Noun Phrase Lexical Items
det(the, _, qterm(the, X, Pred), Pred, X).
det(a, singular, qterm(a, X, Pred), Pred, X).
n(man, singular, man(X), X).
n(men, plural, man(X), X).
Verb Phrase Rules
The semantic variable from the subject is passed into the verb phrase:
vp(Gaps, Gaps, Number, SubjVar, Pred) -->
[Verb],
{v(Verb, Number, intransitive, SubjVar^Pred)}.
vp(GapsIn, GapsOut, Number, SubjVar, (ObjQLF,Pred)) -->
[Verb],
{v(Verb, Number, transitive, SubjVar^ObjVar^Pred)},
np(GapsIn, GapsOut, _, ObjQLF, ObjVar).
Verb Phrase Lexical Items
Using ^ as an infix operator like lambda
v(sleeps, singular, intransitive, X^sleeps(X)).
v(sleep, plural, intransitive, X^sleeps(X)).
v(likes, singular, transitive, X^Y^likes(X,Y)).
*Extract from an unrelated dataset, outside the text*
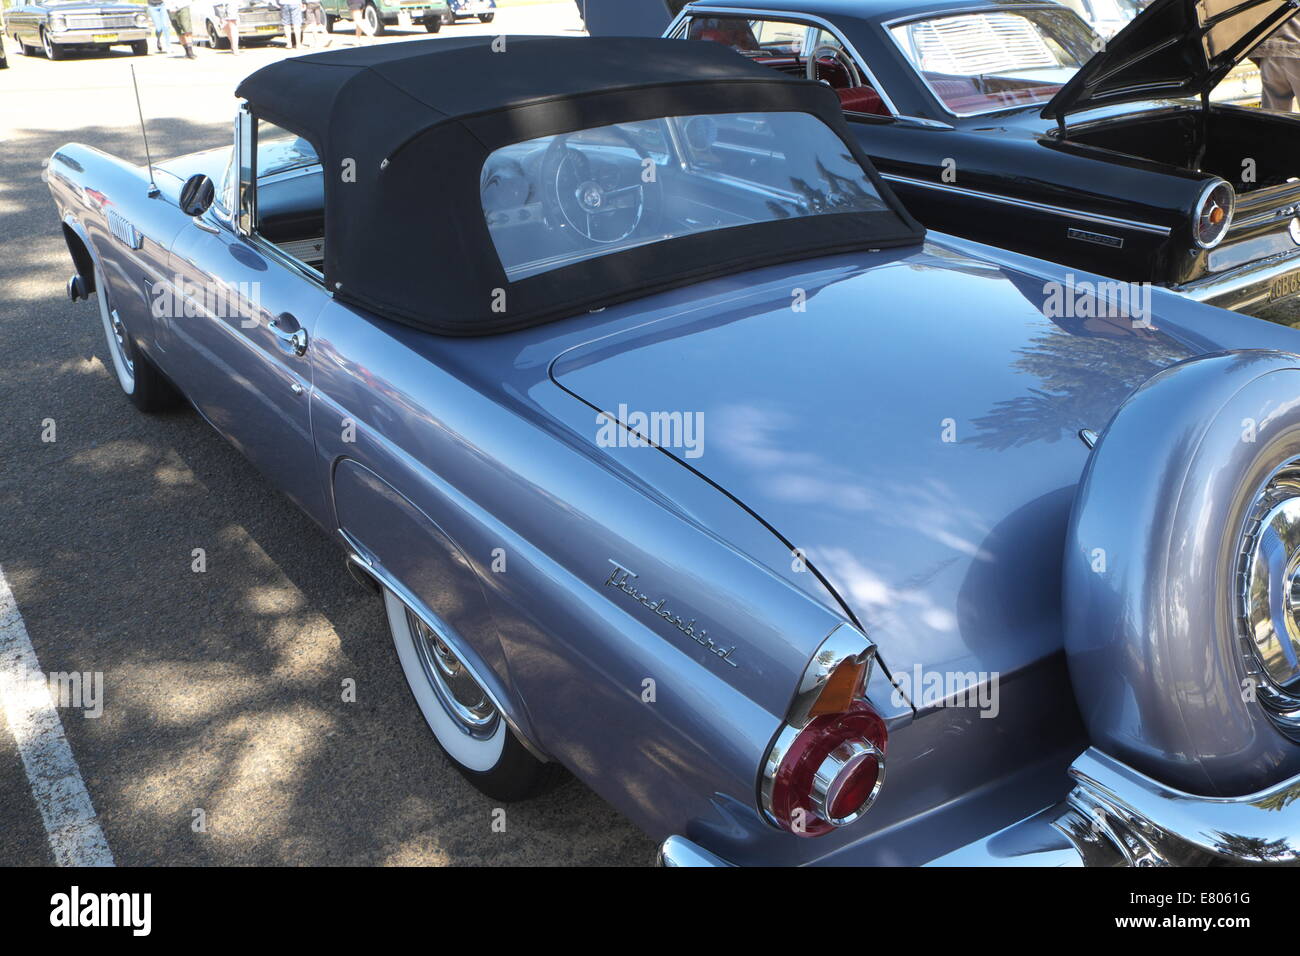 Newport Beach, Sydney, Australia. 27th Sep, 2014. Classic cars on display at Sydney's Newport Beach. Here a classic Ford Thunderbird. Credit:  martin berry/Alamy Live News Stock Photo

v(like, plural, transitive, X^Y^likes(X,Y)).
Possible Class Projects
Should demonstrate competence in Prolog programming
Expect problems with solutions in 5-20 pages of code
range.
Talk/email with me about your project
What to cover in remaining weeks
We’ve got 4 more “sessions”, I have these plans:
 Another session on DCGs
 A session on iterative deepening
 Some time on logical foundations/theorem proving
Any thoughts on other things you’ld like to cover?
More review?
Help with class projects?
Assignment:
Definite Clause Grammars
I expect it will take 2-4 hours effort
Due on Nov. 19th (no class that day!)